The N&ER was part of an 1836 scheme for a railway in Great Britain from Islington to York via Cambridge, Peterborough and Lincoln. An Act of 1839/40 abandoned the section north of Bishop's Stortford and introduced a deviation from Tottenham to Stratford.

Service began on the 15 September 1840 between Stratford & Broxbourne, thence to Spelbrook in 1841. An extension to Bishops Stortford was opened on 16 May 1842 with a branch line to Hertford via Ware opening on 31 October 1843. In 1843 the line was carried to Newport, and on July 30th, 1845, to Brandon.
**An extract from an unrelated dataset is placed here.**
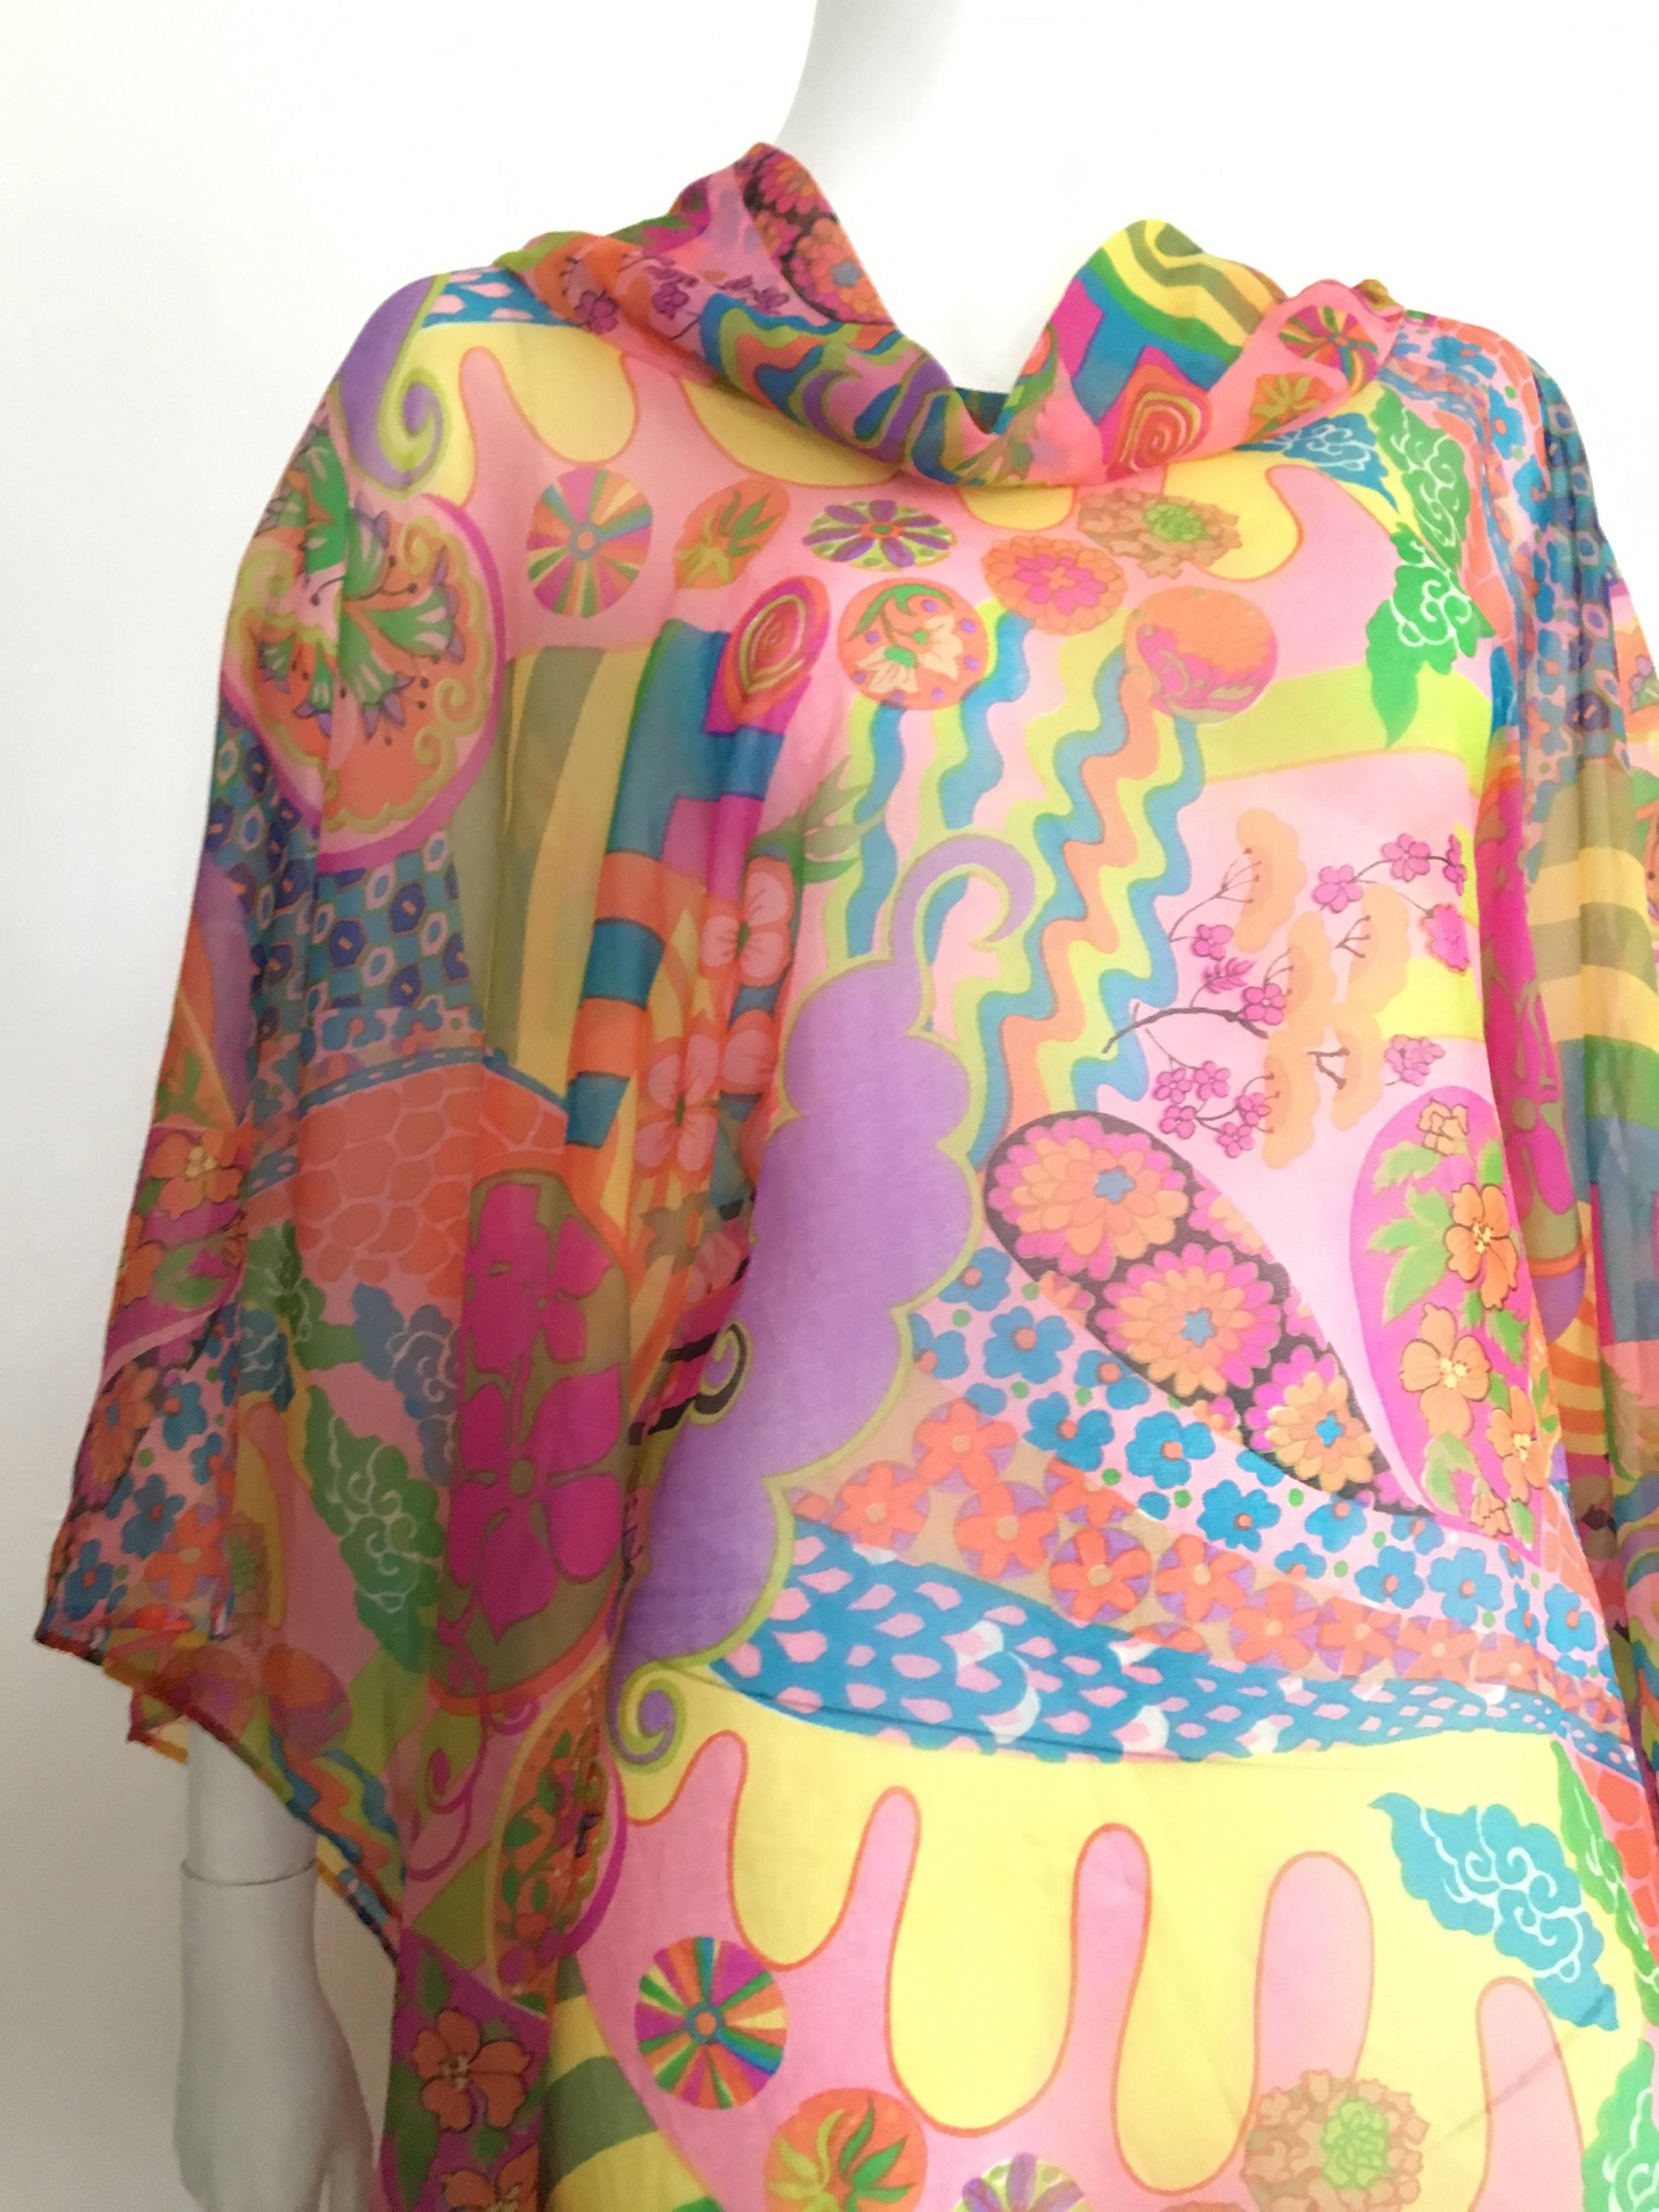 I.Magnin 1960s psychedelic pattern caftan will fit a size 4-6-8.  Please see & use the measurements listed below so that you may properly measure your lovely body to make certain this will fit. Edges are handrolled. Worn with your vintage Celine
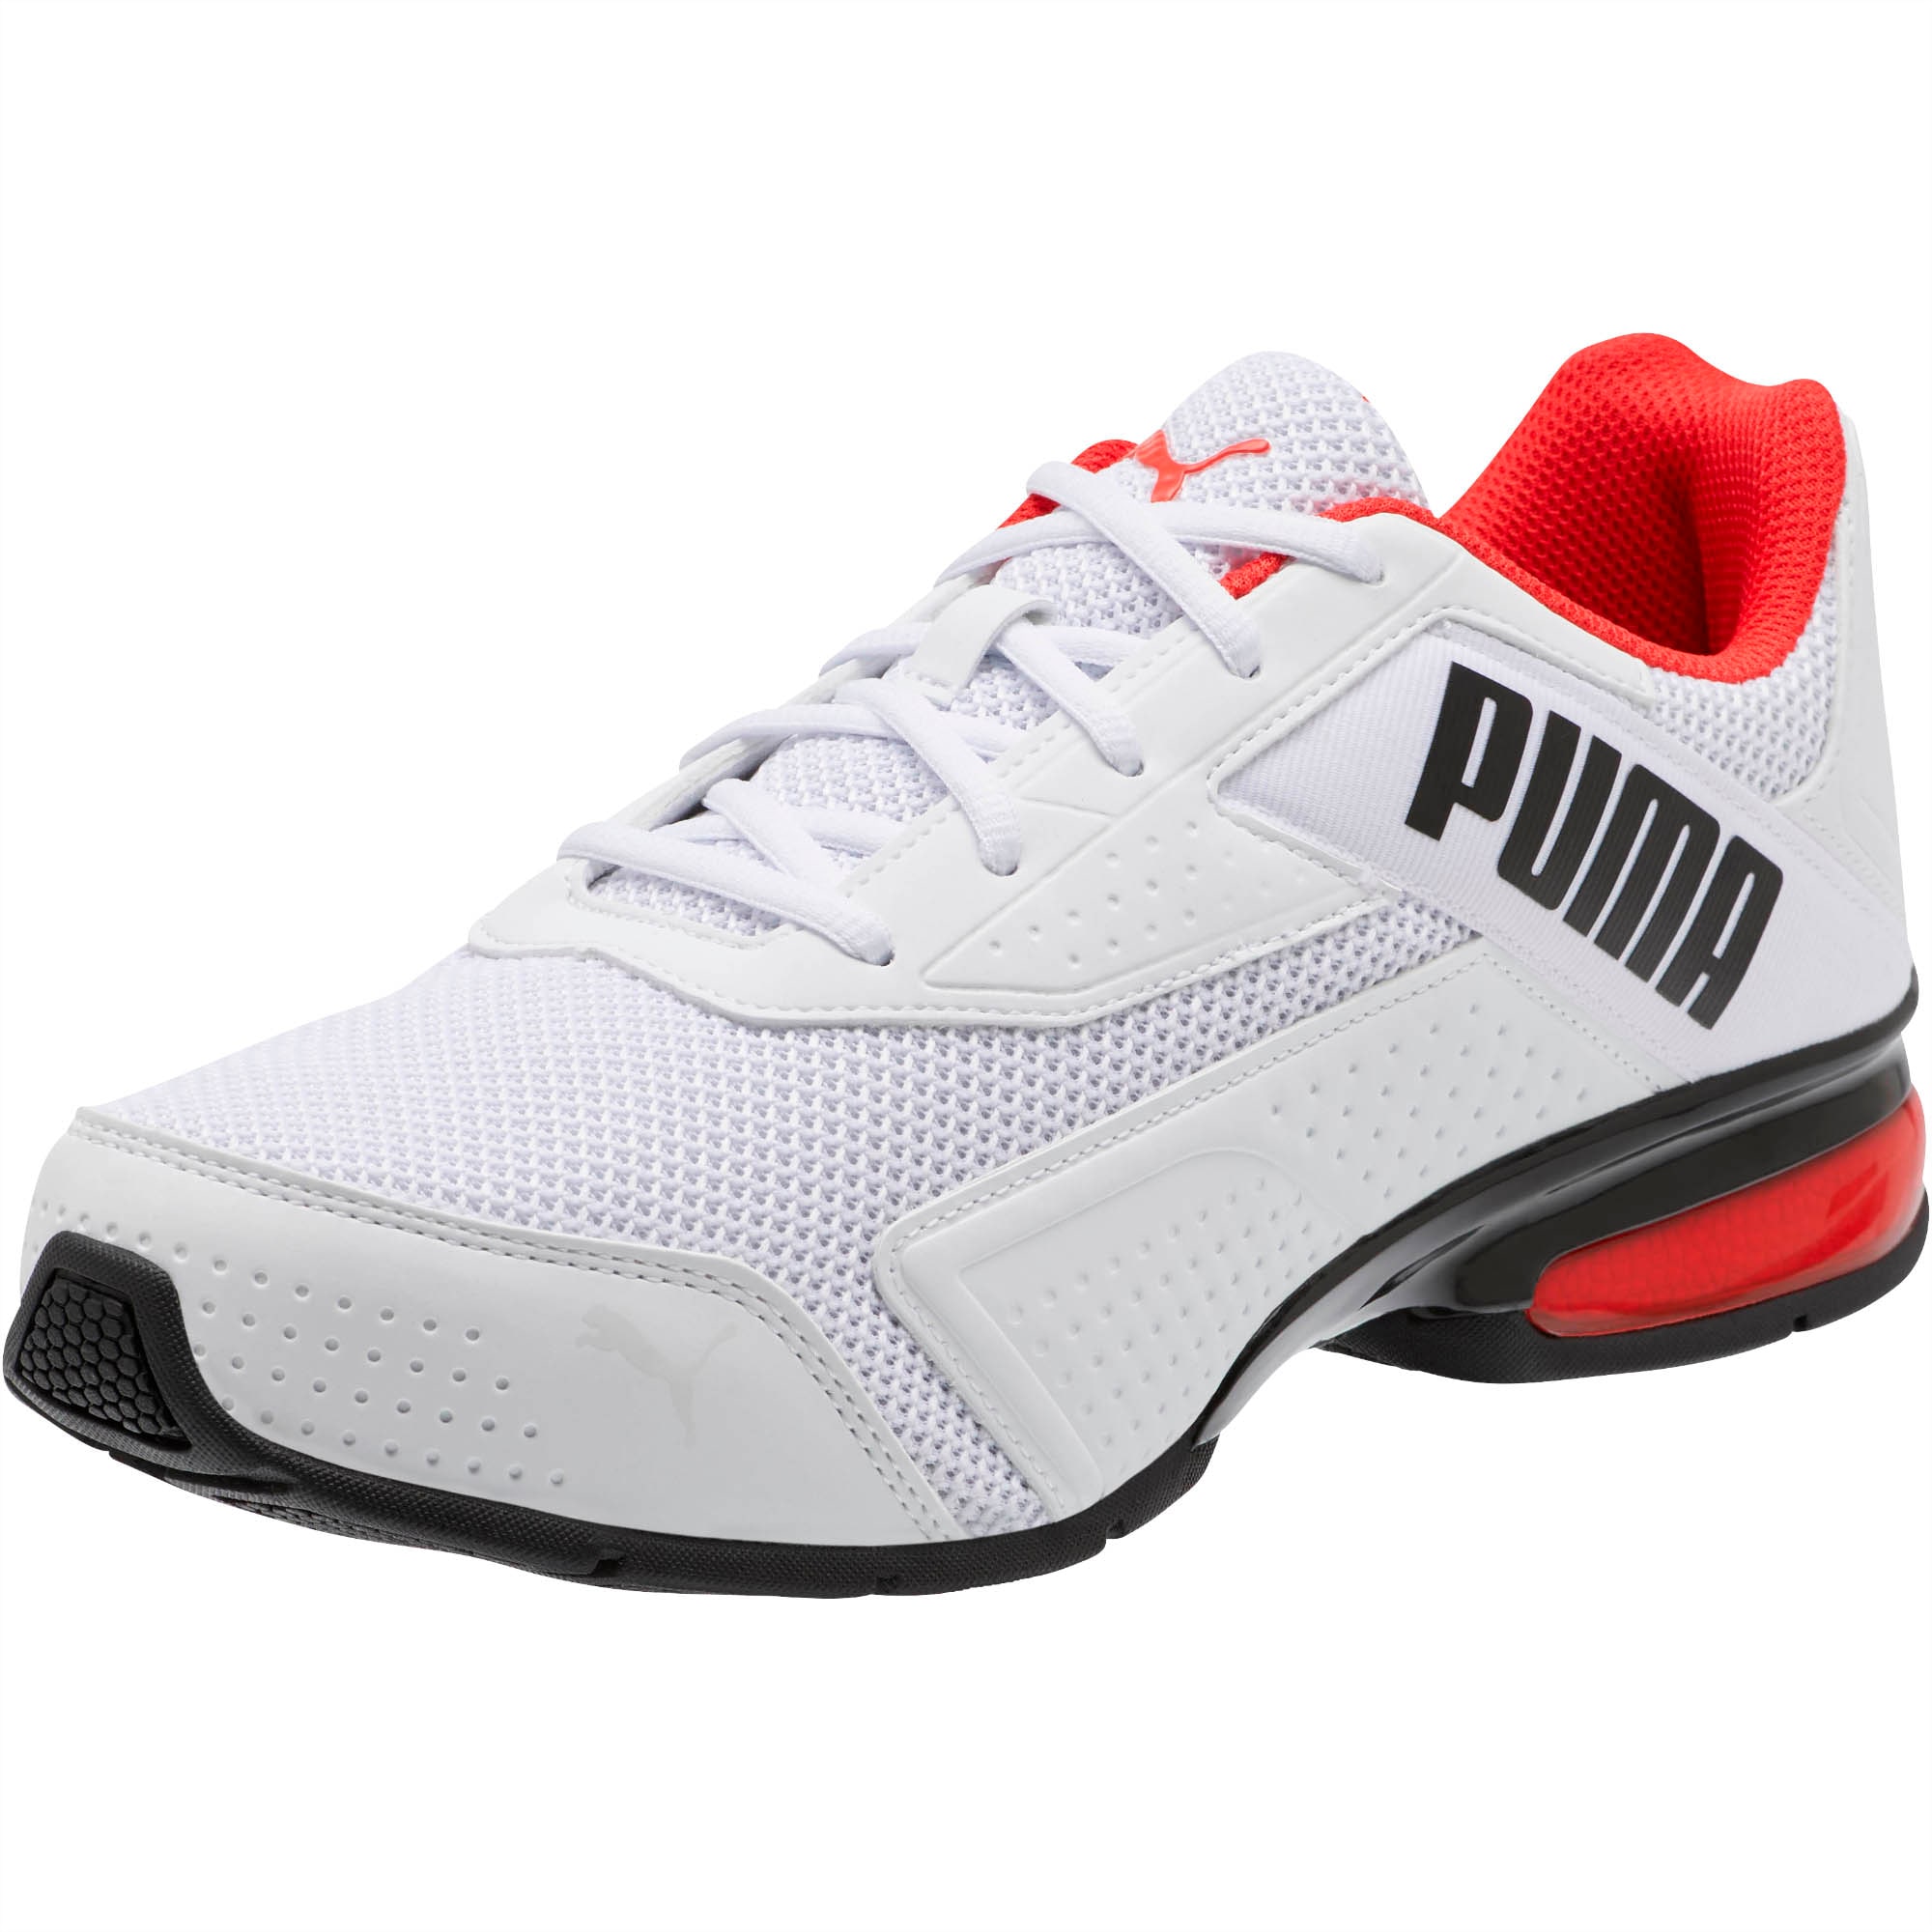 puma outlet vermont off 62% - www

On the latter date the line from Norwich was also brought into use and - by means of the Yarmouth and Norwich, opened on May 1st, 1844 - provided railway communication between London and Yarmouth.

1844 The Railway was leased to the Eastern Counties Railway and that railway began operating services on 1 January.

1862 The Eastern Counties Railway was merged into the Great Eastern Railway (GER) on 1 July 1862 but the Northern and Eastern Railway survived as a private company until being merged into the GER in 1902.

Like its partner, the N&ER was originally built to five-foot gauge, which was converted to standard gauge in 1844.